Features to Test in Non-Production

StatefulSet maxUnavailable. If you’re running StatefulSets with many replicas, test the new maxUnavailable field for RollingUpdate strategy. This allows parallel pod updates instead of strict one-by-one, dramatically speeding rollouts for workloads that can tolerate multiple replicas being down simultaneously.

In-place Pod resize on StatefulSets. Now that it’s GA, you can patch resources.requests and resources.limits on running pods without recreating them. Test with non-critical workloads first to understand how your container runtime handles dynamic resource adjustment.

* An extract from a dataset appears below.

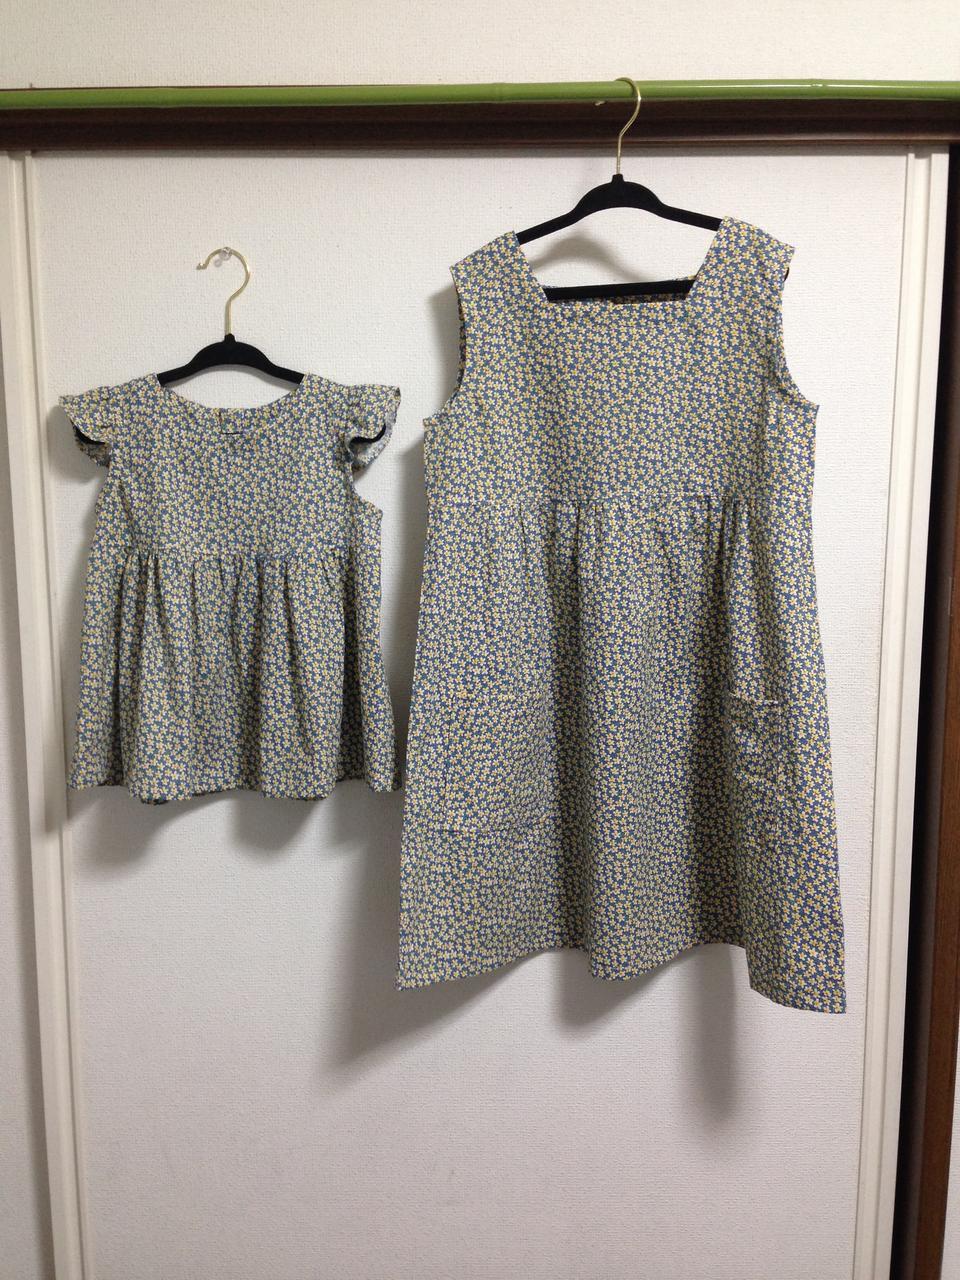 8e45f00609153 同じ生地でフリル付きチュニックを、朝井牧子さんの「ハンドメイドベビー服enannaの80~90センチサイズのかわいいお洋服」を見て作りました。

Gang scheduling for AI workloads. If you’re running distributed training, evaluate the new Workload API for gang scheduling. Create a Workload with minCount set to your required quorum, then reference it from your Job or custom controller. The scheduler won’t start any pods until the full group can be placed.

Migration Timeline

For most clusters, the path forward is straightforward: ensure cgroup v2, upgrade containerd, and monitor for deprecation warnings. The breaking changes are telegraphed clearly, and the feature gates provide escape hatches for organizations that need more time. But the clock is ticking on cgroup v1—with complete removal in 1.38 (likely mid-2026), this is the last comfortable upgrade cycle before forced migration.